#### Data for this task
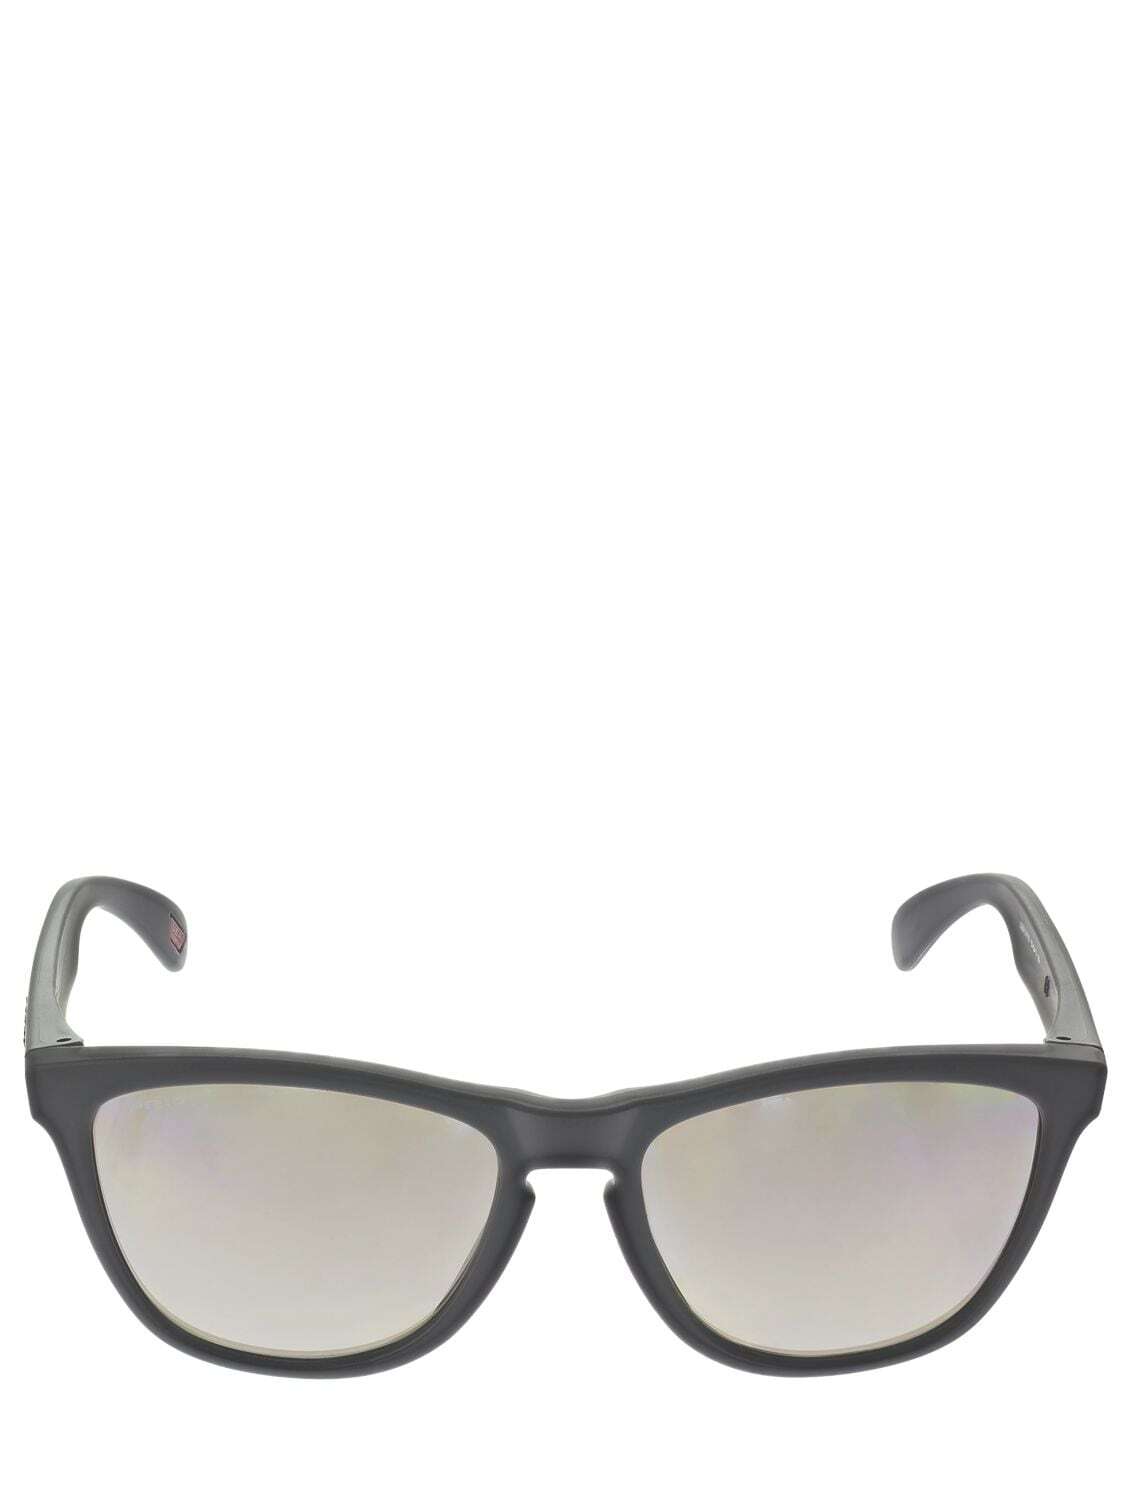 OAKLEY Frogskins Prizm Polarized Sunglasses in black
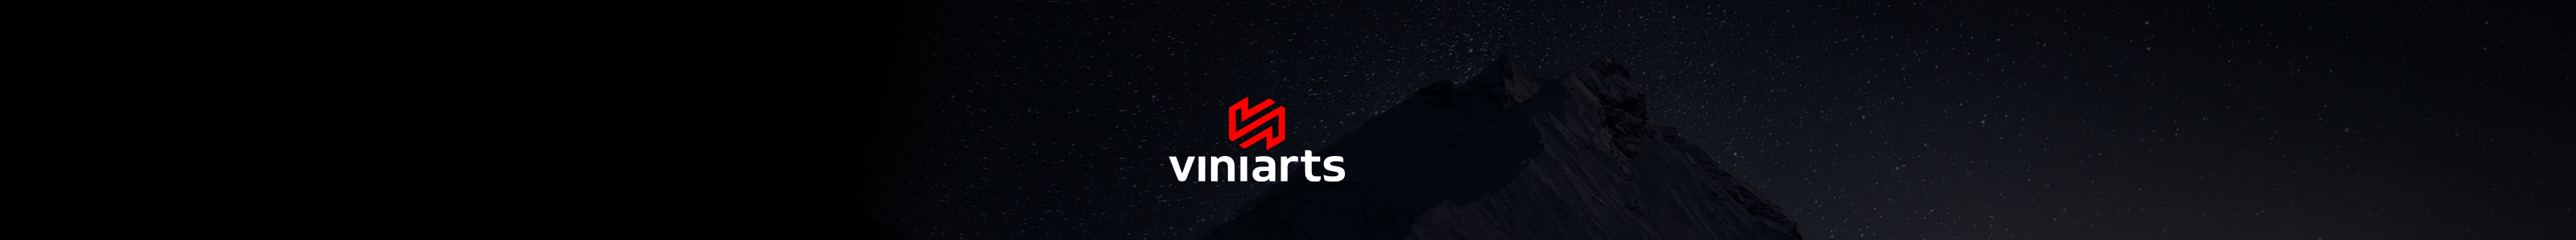 Vinícius Arts's profile banner
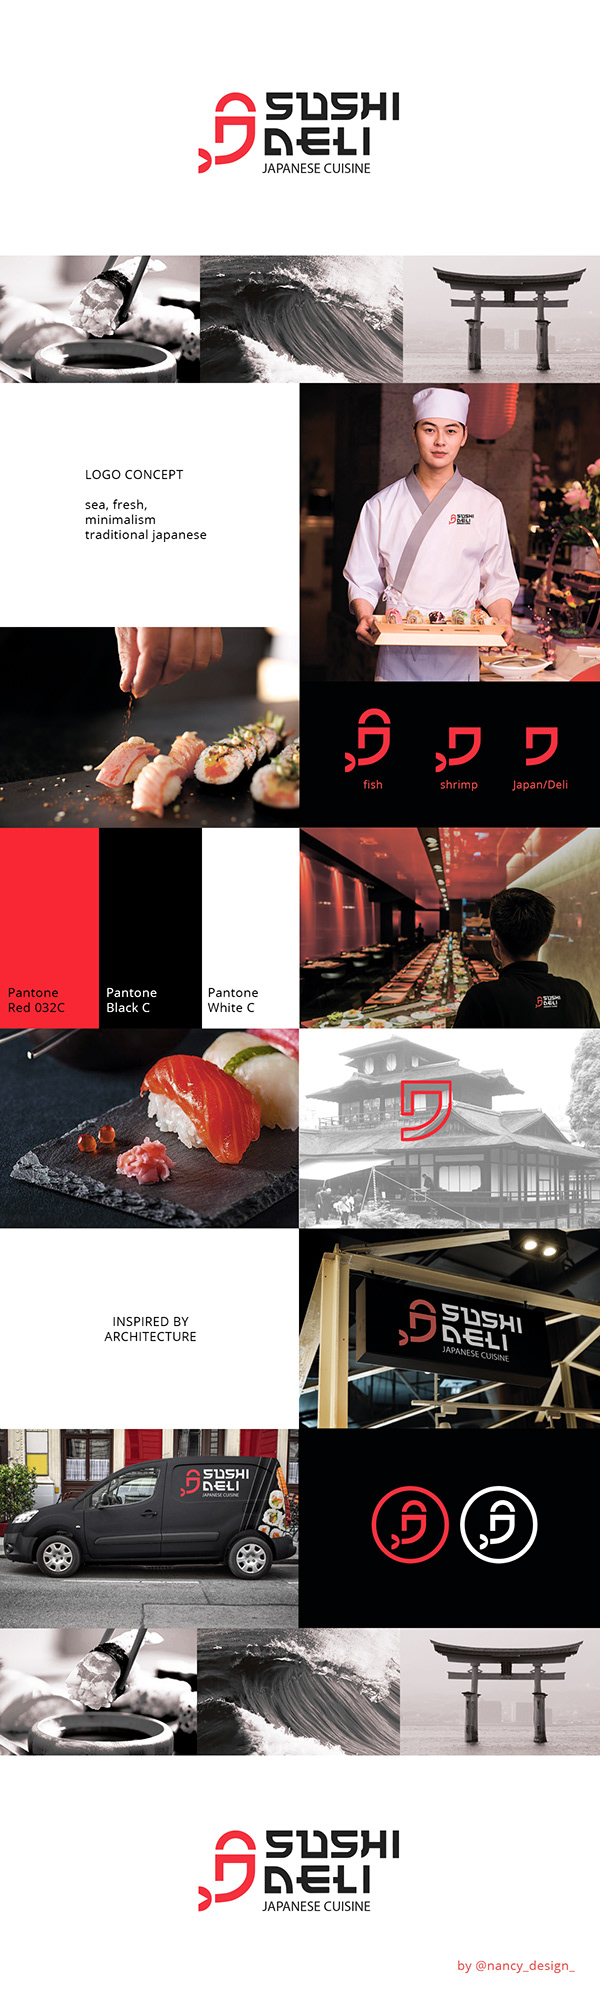 Logo designed for a japanese restaurant
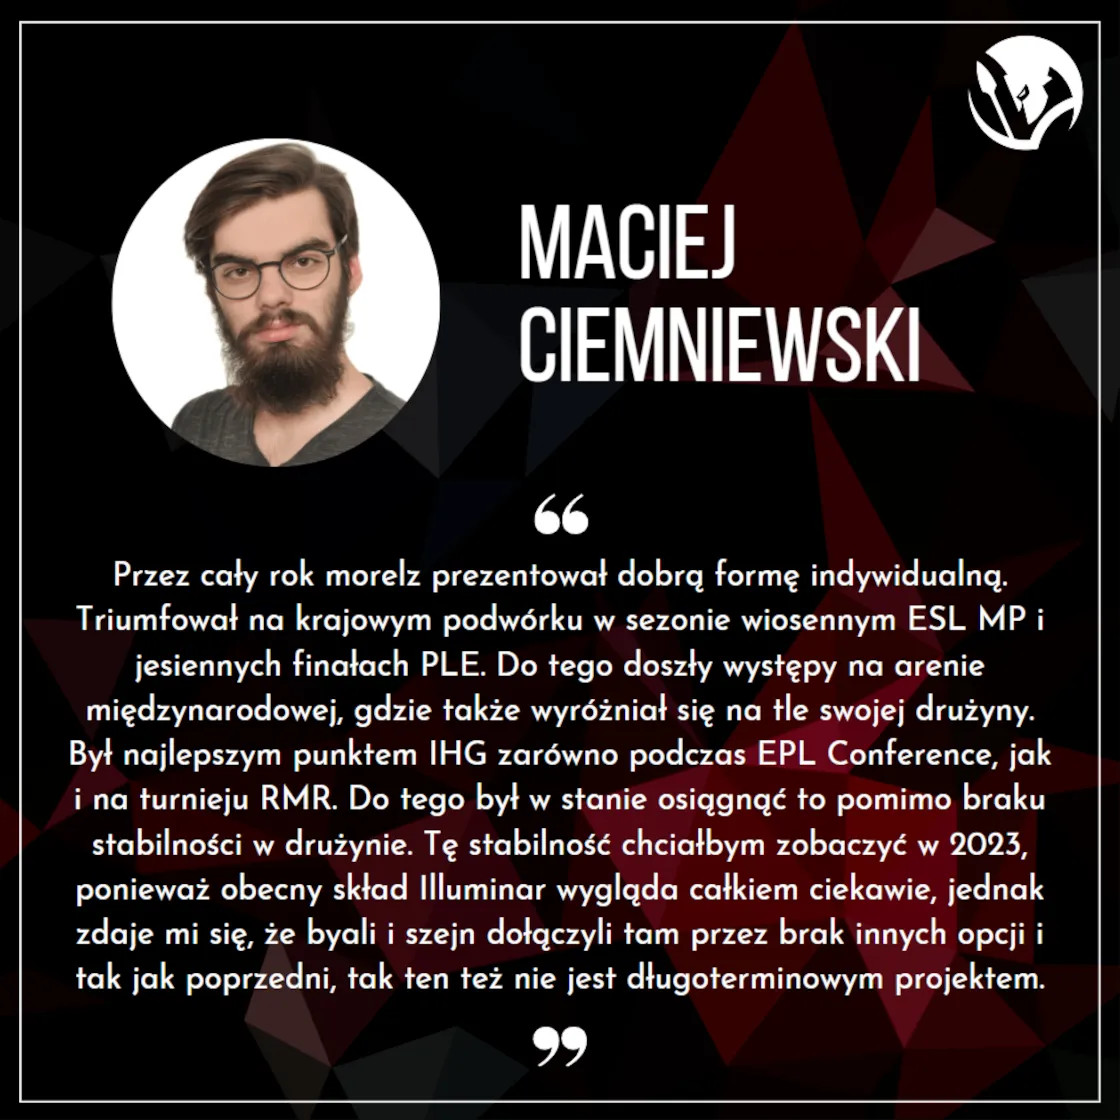 Maciej Ciemniewski
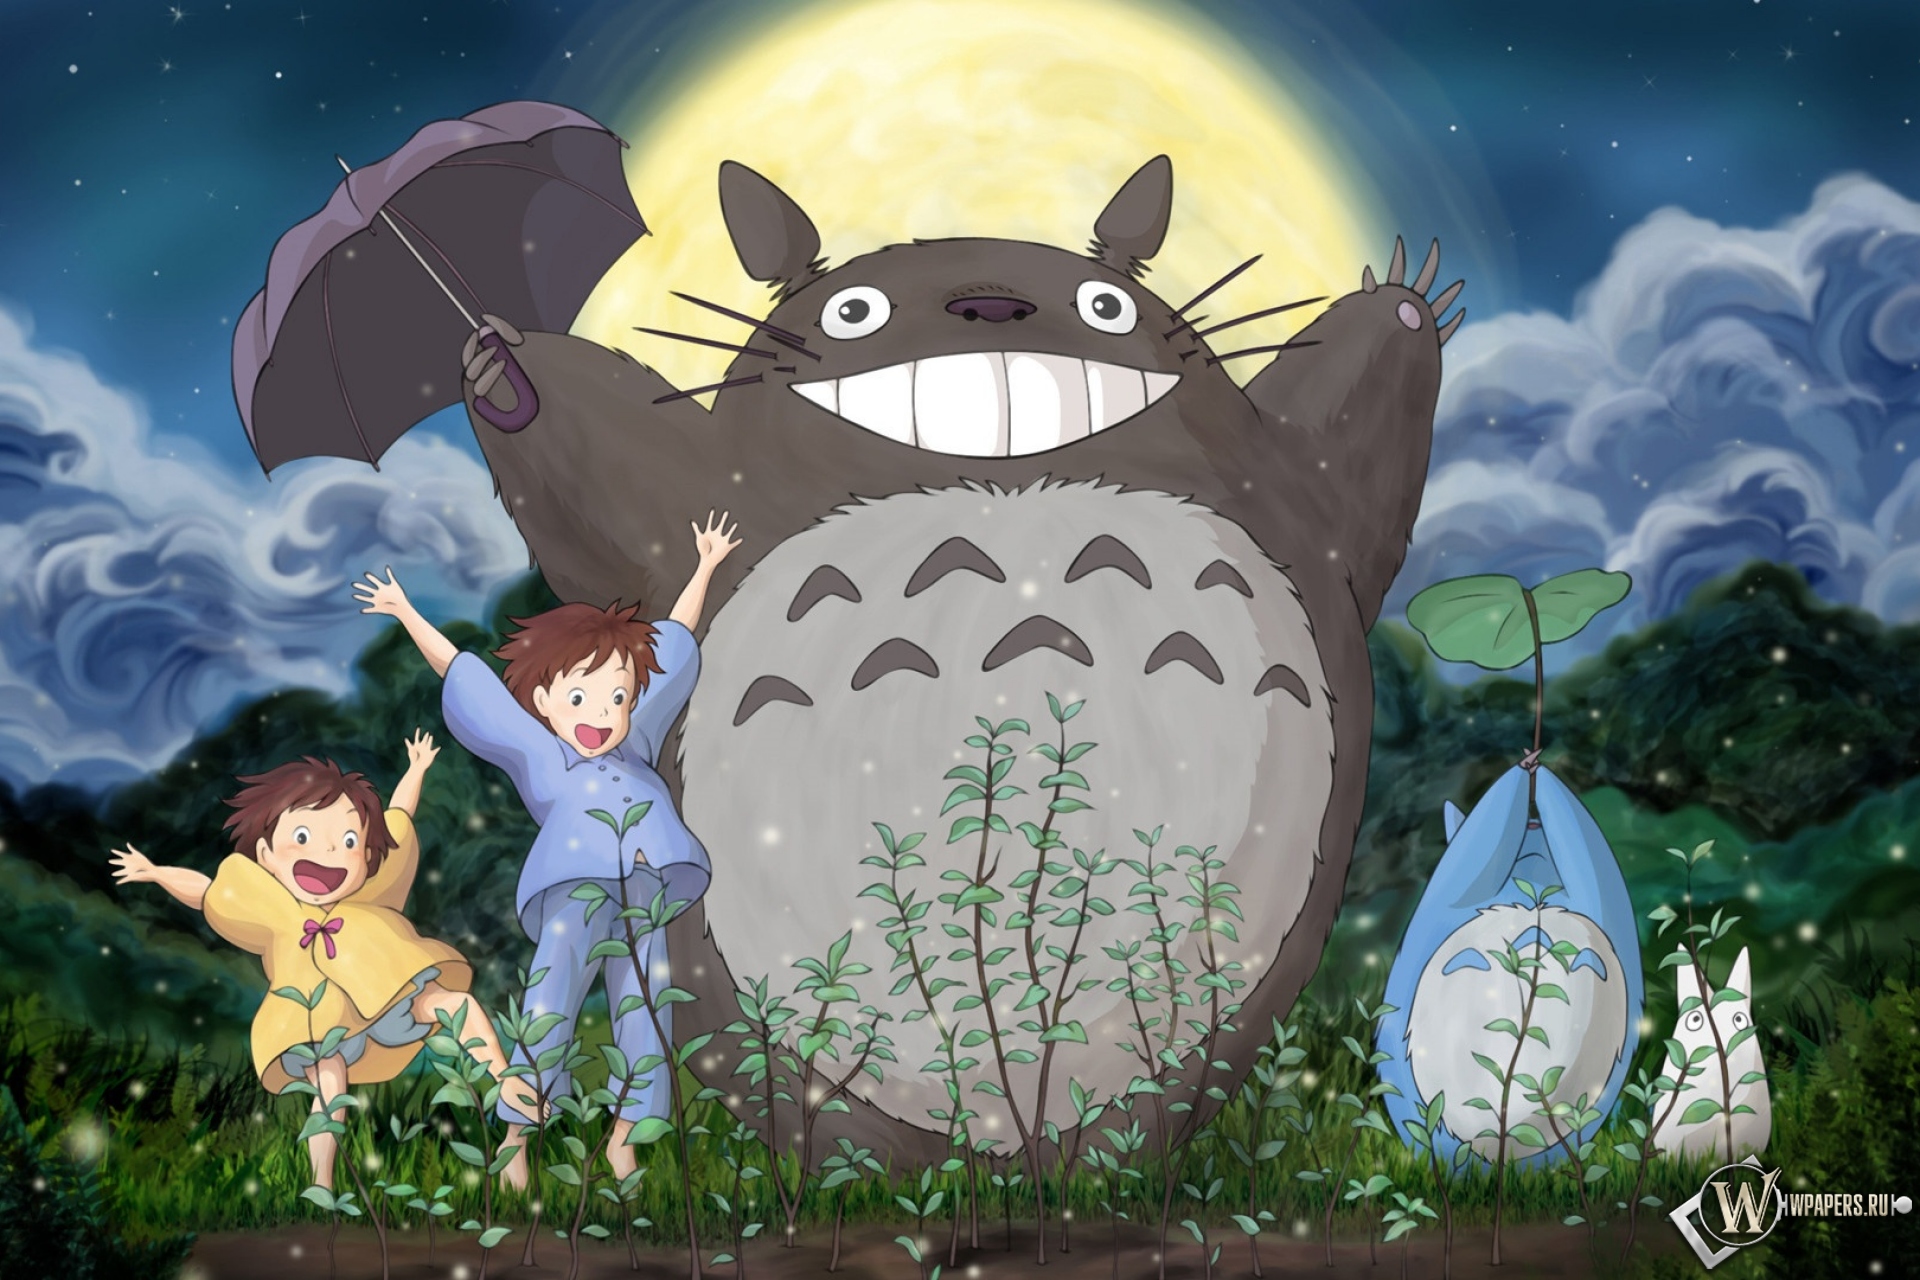 Скачать обои My Neighbor Totoro с разрешением 1920х1280 (25:16) .
########
Task objective: The answer consists of the lines from the one holding "Logo designed for a japanese restaurant" to the end of the records, inclusive, restated exactly and without pictures.

Solution for this exercise:
 Logo designed for a japanese restaurant
 Maciej Ciemniewski
 Скачать обои My Neighbor Totoro с разрешением 1920х1280 (25:16) .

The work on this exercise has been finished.